What is Apache Hudi?

Apache Hudi is an open-source data management framework that enables transactional capabilities (ACID compliance) on data lakes. It provides:

Upsert Support: Insert new records or update existing ones
Incremental Processing: Process only changed data
ACID Transactions: Ensure data consistency
Schema Evolution: Handle evolving data schemas
Multiple Query Engines: Integration with Spark, Flink, Presto, Trino, and Hive

Core Hudi Concepts

Table Types:

Copy on Write (CoW): Updates create new file versions (better for read-heavy workloads)
Merge on Read (MoR): Updates go to delta logs merged on read (better for write-heavy workloads)

Query Types:

Snapshot Queries: Latest committed data
Incremental Queries: Only changes since last commit
Read Optimized Queries: Latest committed data without merge (MoR only)

Timeline: Hudi maintains a timeline of all table operations for transactional consistency.

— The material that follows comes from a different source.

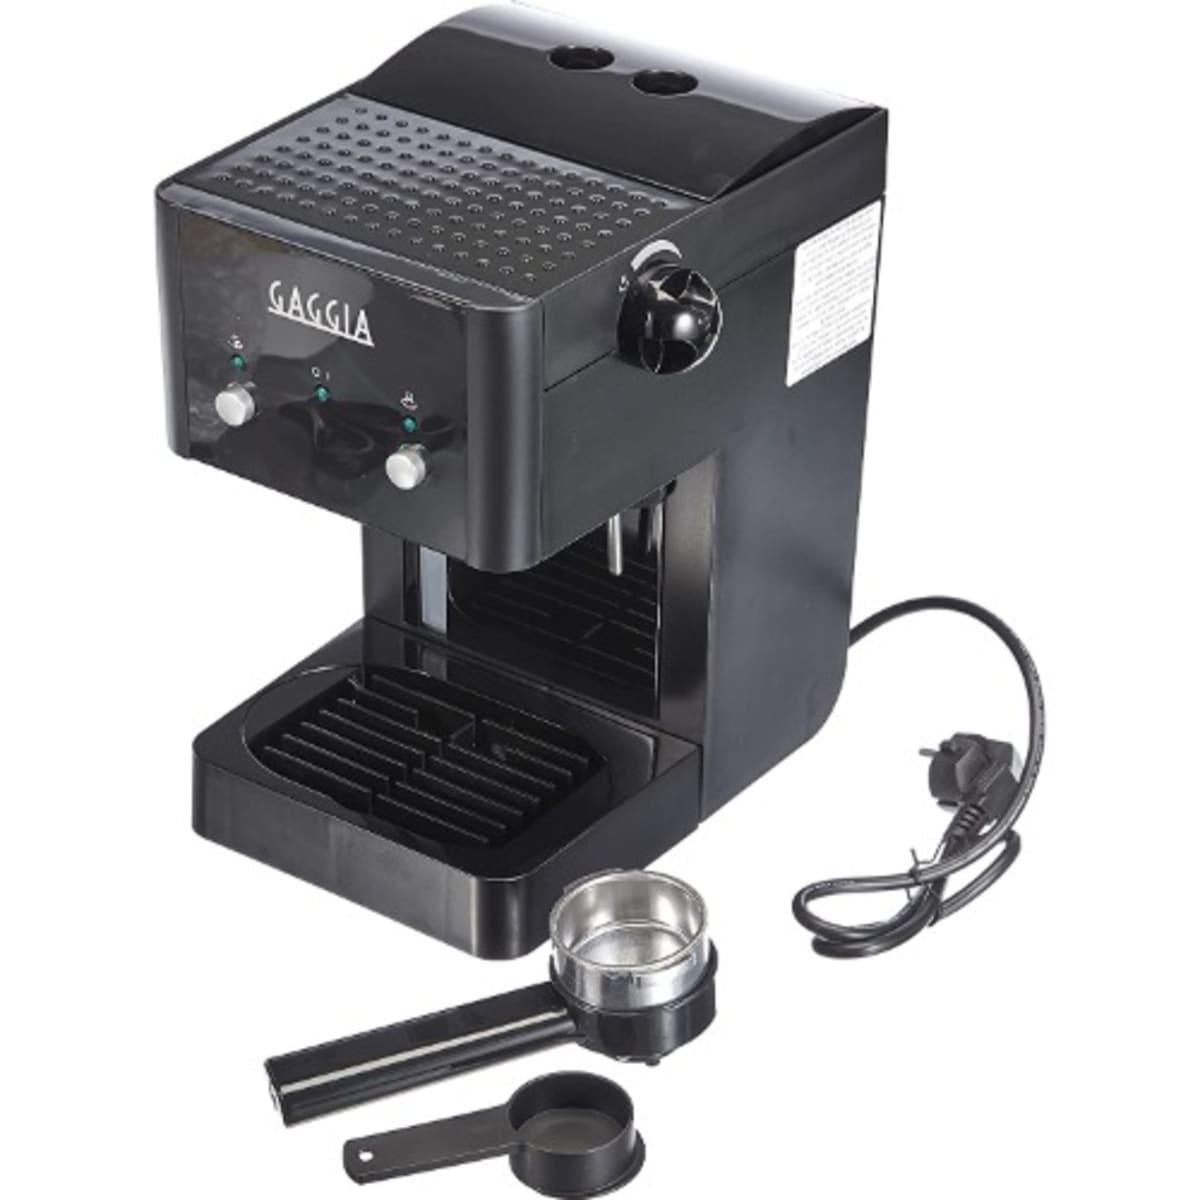 Gaggia, Gran Style, Pump Manual Espresso and Coffee Machine

Hudi Architecture for Upserts

[Data Source] → [Ingestion Job] → [Hudi Table] → [Query Engine]
|               |                |               |
Kafka          Spark/Flink     Parquet +      Spark/Presto/
JDBC           Java App        .hoodie files  Hive/Trino

Hudi stores data in Parquet files (base data) and Avro log files (updates in MoR), with metadata in .hoodie directory for transaction management.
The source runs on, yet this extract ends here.